We could fix the multi-pass allowance by simply making filter unconditionally an input range.

And we could fix the mutation allowance by… actually no we can’t. Even if filter also performed views::as_const, that’s insufficient. A range of int& would turn into a range of int const&, that’s good. But a range of int* would stay a range of int* (we can’t mutate the pointers, so it would become a constant range), and we can still mutate through the pointer. So we’d need a stronger views::as_const that would also turn ranges of T* into ranges of T const*. That’s… potentially feasible. But then you’d also need to turn a range of span<T> into a range of span<T const>. And a range of struct S { int* p; }; into… well… something? There’s not really a feasible way to prevent any kind of mutation.

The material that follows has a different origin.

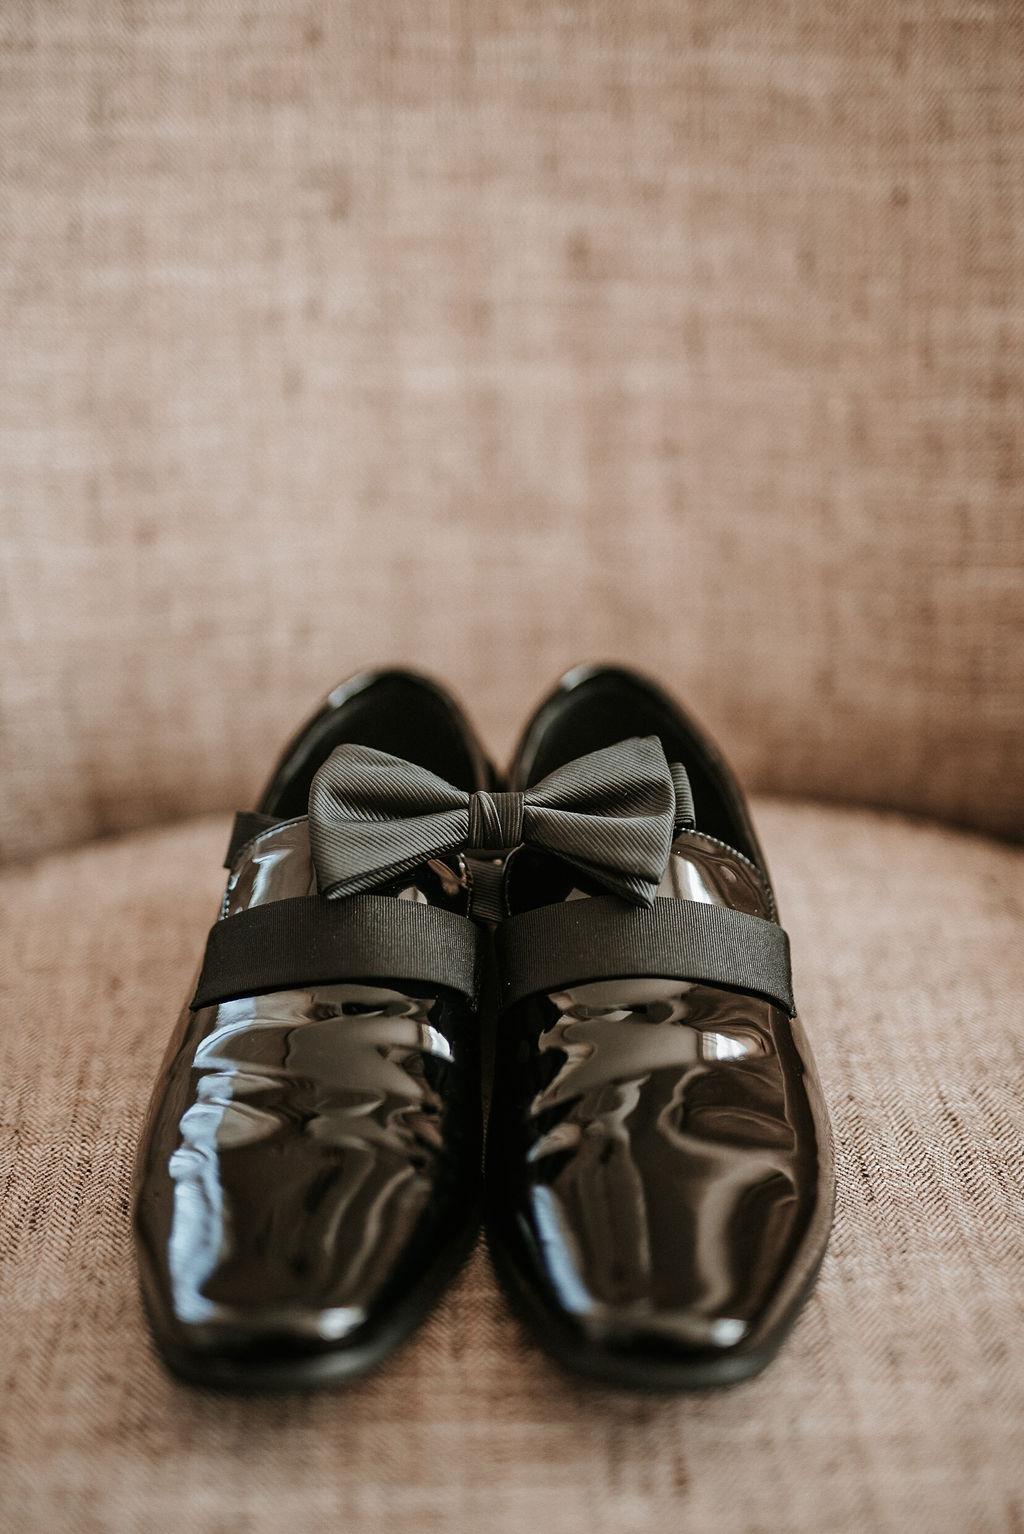 Detail shot of Groom's shoes at Bluemont Vineyard

So that leaves making filter unconditionally input. Is that a good idea? Today, filter is up to a bidirectional range. And that’s pretty useful - there are a lot of things you can do with a bidirectional range. Some of them (like mutating while iterating over pairwise) are bad, and lead to unexpected behavior, but a lot of them are quite good and it would be unfortunate if we missed out on that functionality.

But once you allow filter to be multi-pass, you have to say something about this problem. Which the standard does, in [range.filter.iterator]/1:

Modification of the element a filter_view​::​iterator denotes is permitted, but results in undefined behavior if the resulting value does not satisfy the filter predicate.

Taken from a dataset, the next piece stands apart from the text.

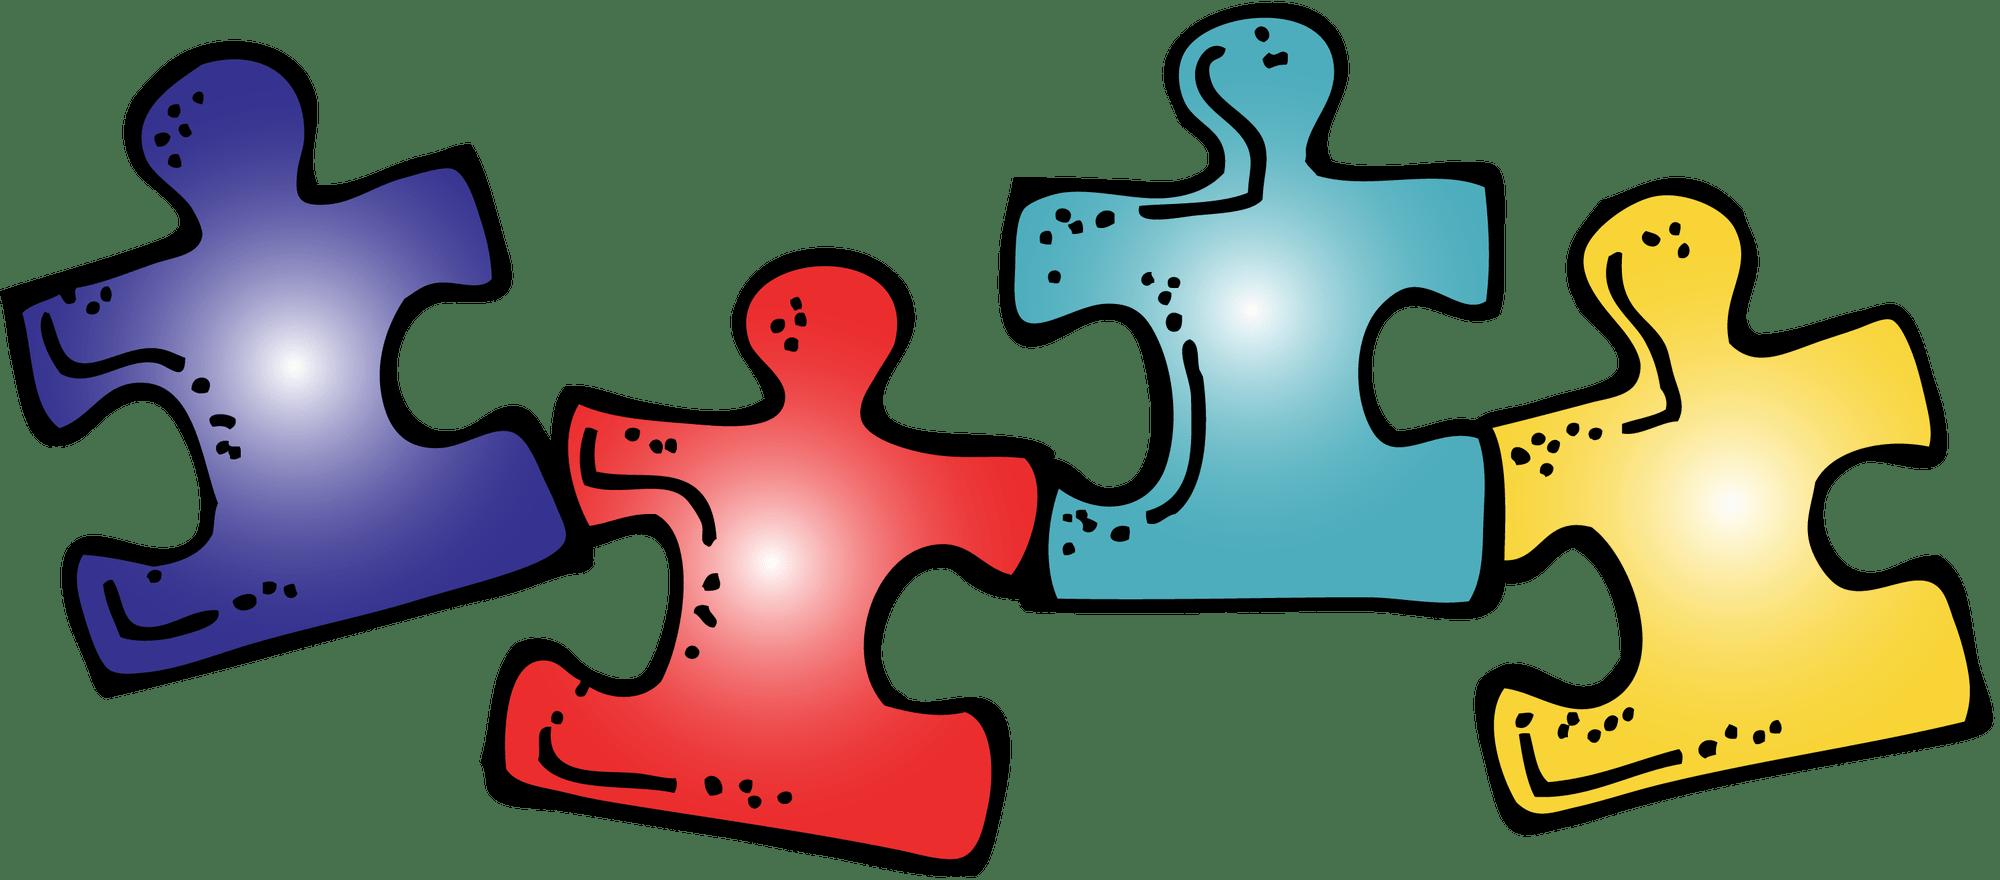 Symbol cliparts free download. Autism clipart characteristic

This is a fairly strong and broad statement. I’ve been stressing in this post that this kind of mutation (that changes an element from satisfying to not satisfying the predicate ²) is really only problematic in the multi-pass case. This sentence, on the other hand, calls it always undefined behavior, regardless.

The reason for this isn’t so much that the standard library hates you, but more that it is actually exceedingly difficult to come up with a way to accurately describe what the specific situation is that leads to undefined behavior. So the standard library takes a broader outlook. Suggestions are always welcome.

The Original Example

Nico’s example did this:

// increment even elements:
for (int& i : coll | std::views::filter(isEven)) {
    ++i; // UB: but works
}

This is, per the wording of the standard library, undefined behavior.

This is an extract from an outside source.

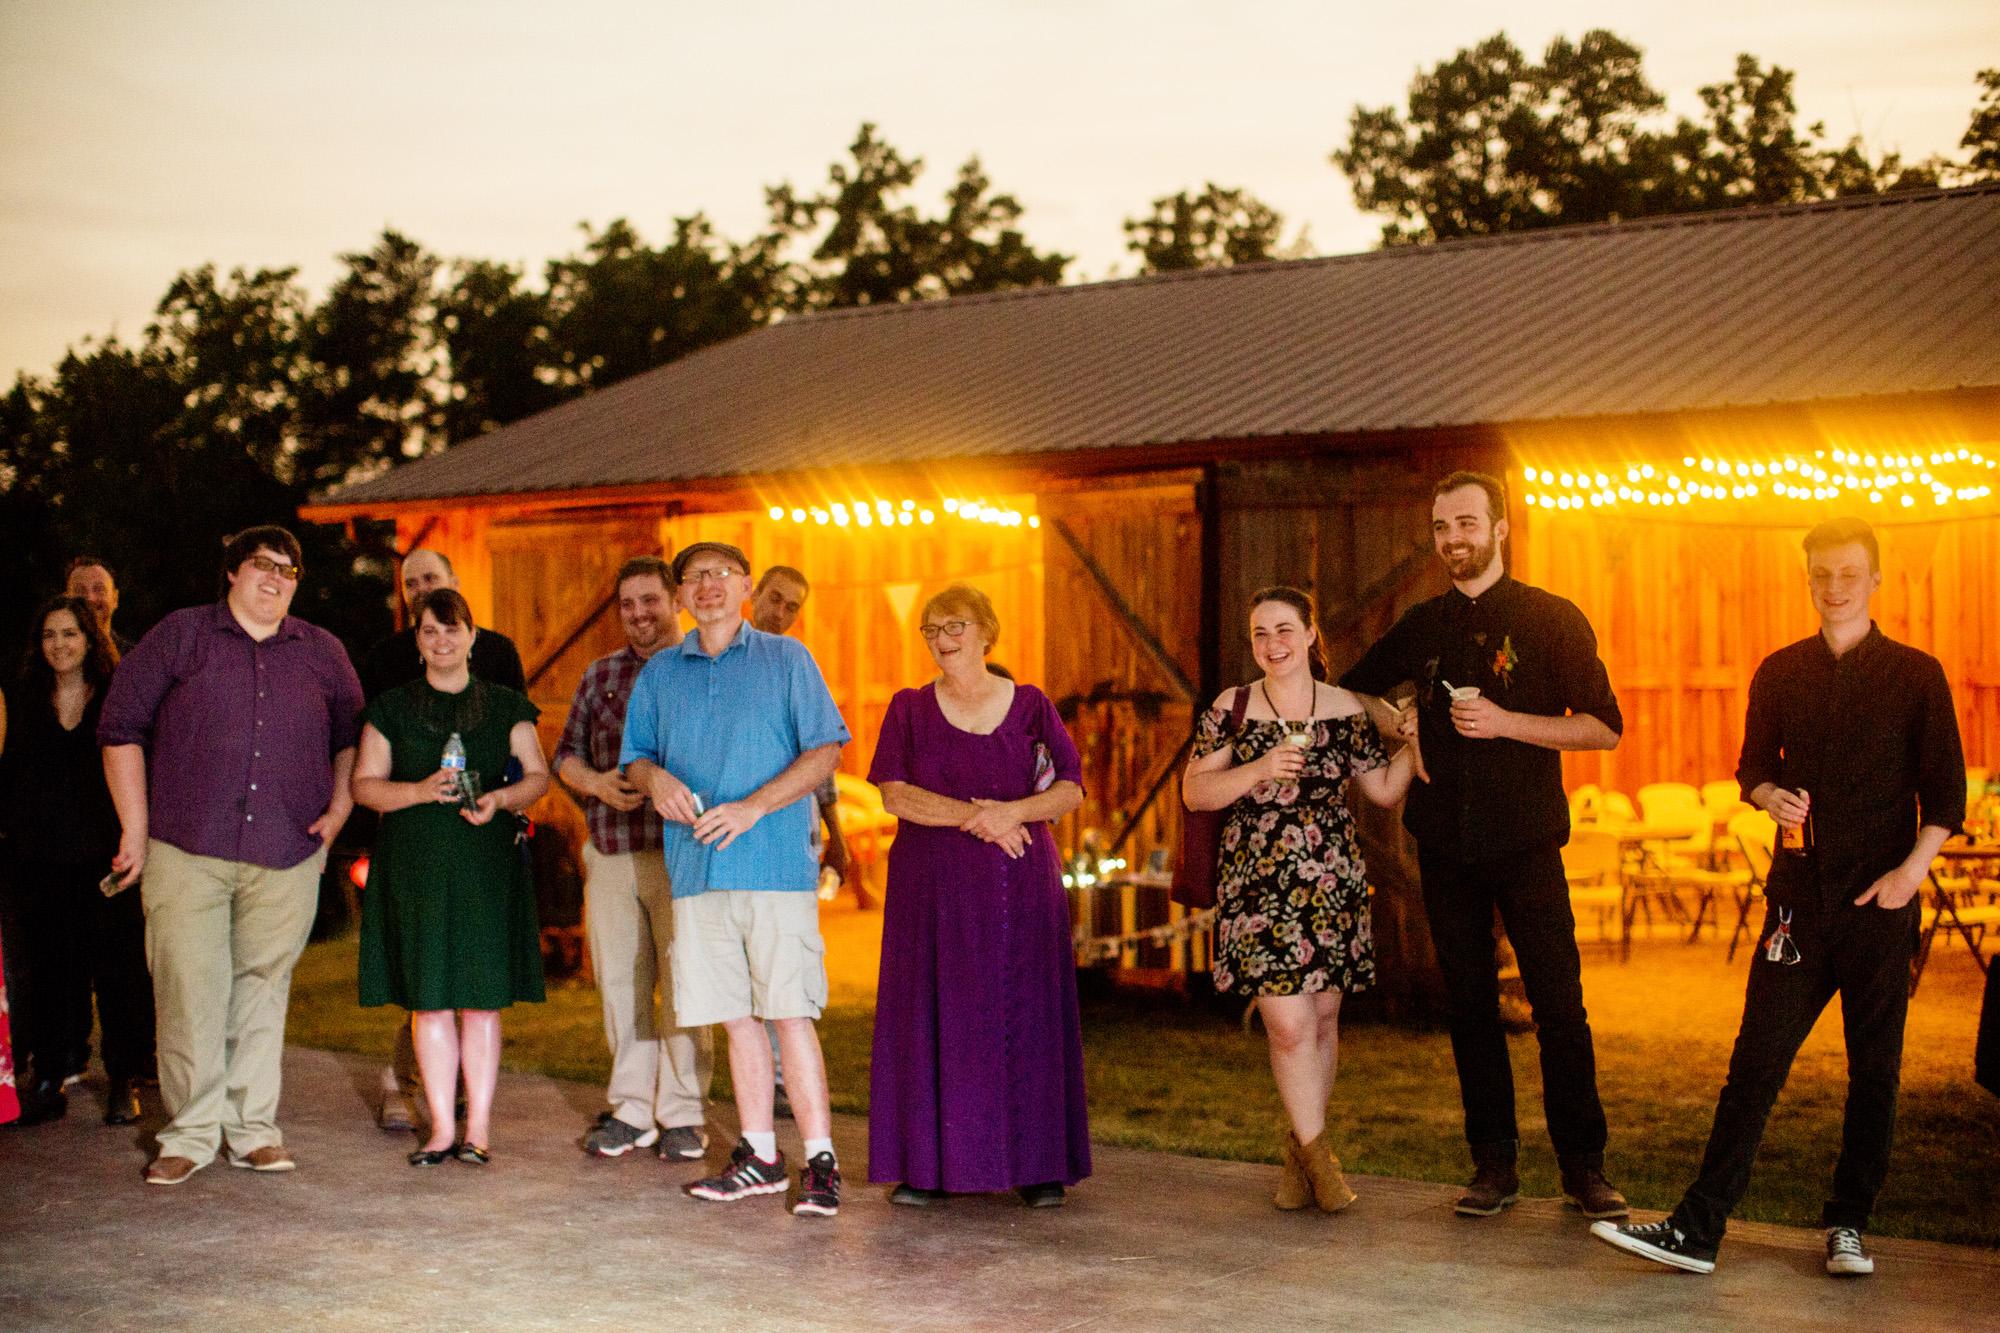 Seriously_Sabrina_Photography_Red_River_Gorge_Kentucky_Wedding_ShawnDana206.jpg

But this example is… fine. It’s going to work as expected. We’re doing a single pass through the elements, so even though we’re doing the bad kind of mutation (changing our elements from satisfying the predicate to not), there’s no place for our algorithm (the for loop) to get into a wacky state.

It’s only when you add multi-pass into the mix that things can go wrong, and it’s in these situations that such mutation should definitely be avoided:

auto evens = coll | std::views::filter(isEven);

// first pass
for (int& i : evens) {
    ++i;
}

// second pass
for (int& i : evens) {
    ++i;
}

This isn’t a multi-pass algorithm like pairwise and min_element were, but I am literally iterating over the loop twice. This is exactly the kind of thing you should avoid - and, indeed, this example is broken (the second loop does actually do something).

So, in short: with filter (but, notably, neither take_while nor drop_while), you have to be careful about mutating elements in a way that causes them to no longer satisfy the predicate. This will cause unexpected behavior for multi-pass algorithms. But if you’re just doing a single pass, then you can get away with it. It’s fine?

Does this mean filter is broken? As I said, this behavior is inherent once you have lazy filtering, with a multi-pass algorithm, that does mutation. We can’t fix this by making it eager or somehow preventing mutation, but we could fix it by prohibiting multi-pass ³. That’s a big loss in functionality though, and I’m not sure the tradeoff is really worth it.

Importantly, one thing I haven’t mentioned thus far is caching. That’s because caching isn’t really relevant to this problem. A filter that didn’t cache would run into the same issues. Not with the two-loop example above, but still with the pairwise example from earlier.

It’s a pretty interesting scenario to carefully consider, but I just don’t think it’s reasonable to call views::filter broken in this scenario. There’s just no way to making a lazy, multi-pass, mutating filter do the “right” thing.